• _RECORD EXTRACTS_:
·····

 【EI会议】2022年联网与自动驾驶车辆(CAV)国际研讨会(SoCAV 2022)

·····

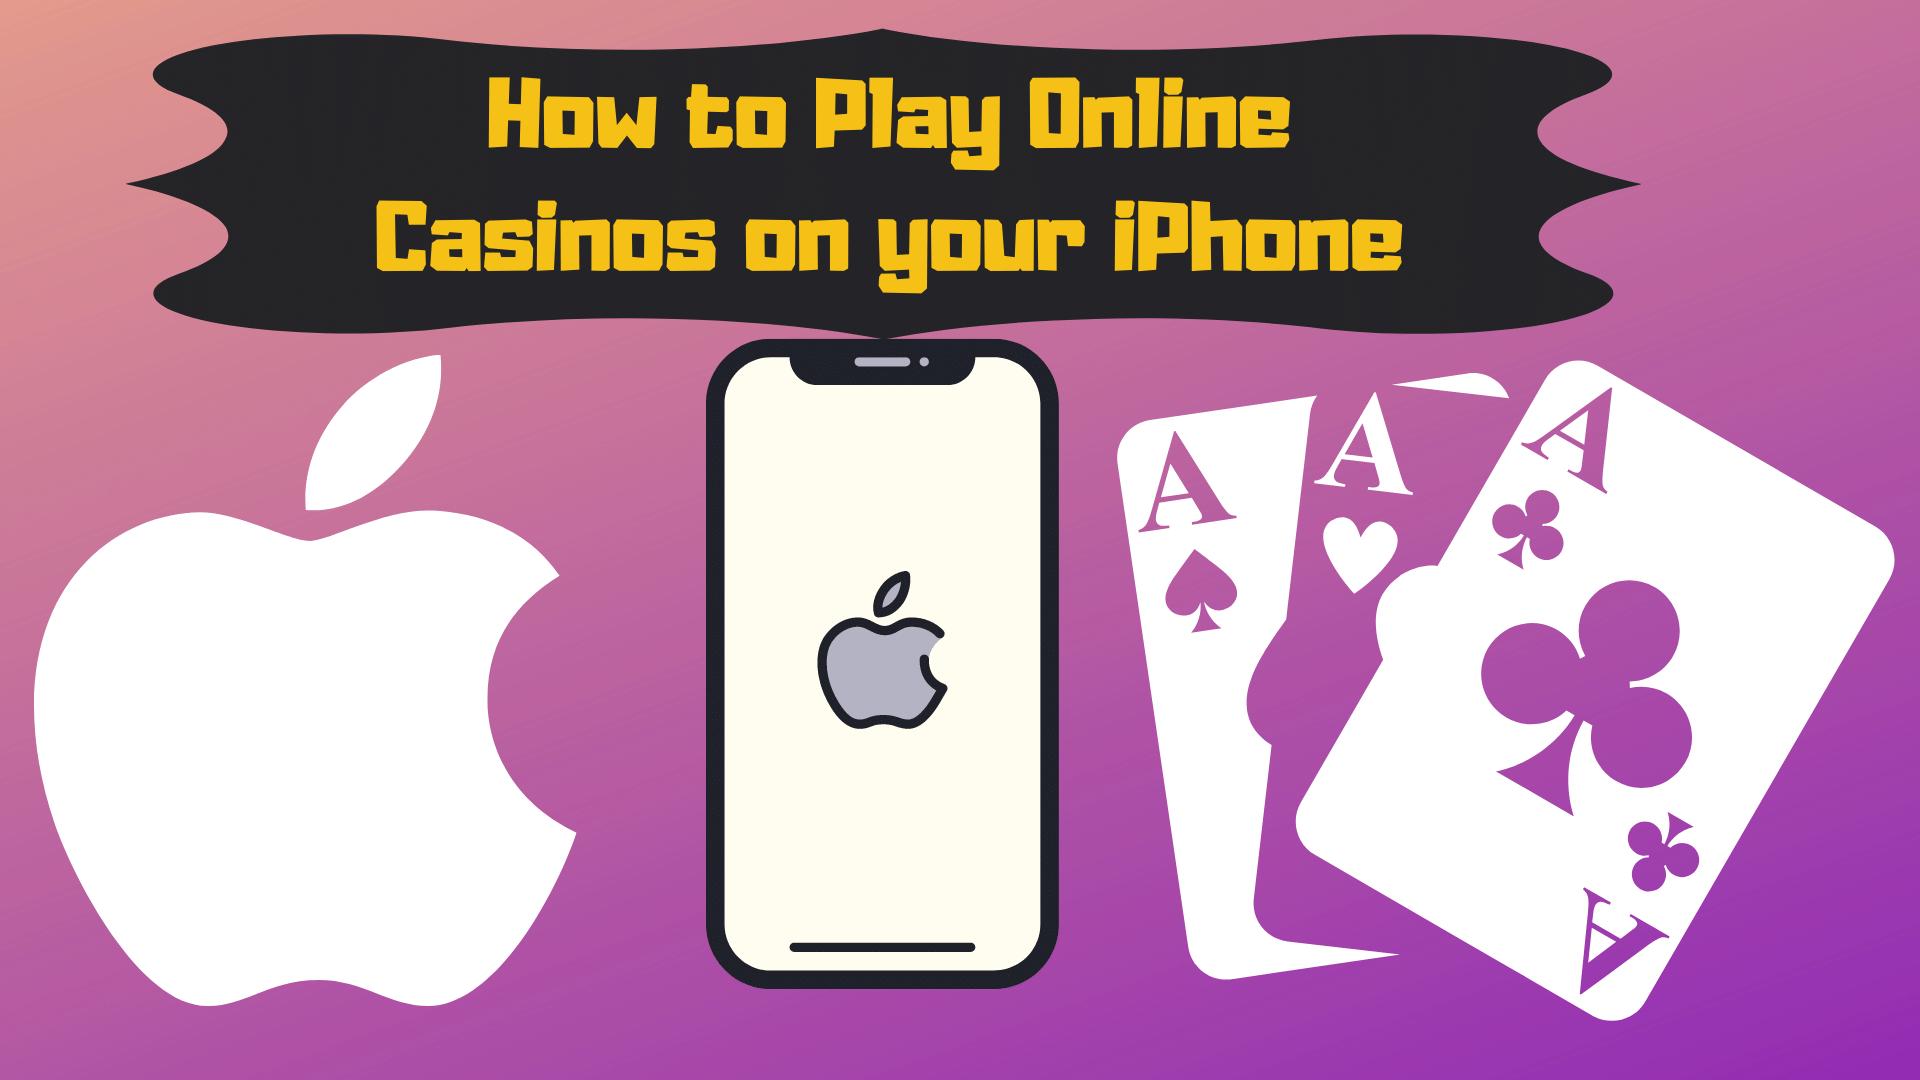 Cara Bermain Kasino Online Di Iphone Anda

·····

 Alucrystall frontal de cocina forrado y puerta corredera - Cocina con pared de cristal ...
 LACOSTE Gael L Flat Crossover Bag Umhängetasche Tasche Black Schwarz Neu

·····

• _PROBLEM STATEMENT_: Reprint exactly the lines above that start at the one with "Alucrystall frontal de" and end at the one with "LACOSTE Gael L", keeping both and adding none.

• _ANSWER TO THE EXERCISE_:
 Alucrystall frontal de cocina forrado y puerta corredera - Cocina con pared de cristal ...
 LACOSTE Gael L Flat Crossover Bag Umhängetasche Tasche Black Schwarz Neu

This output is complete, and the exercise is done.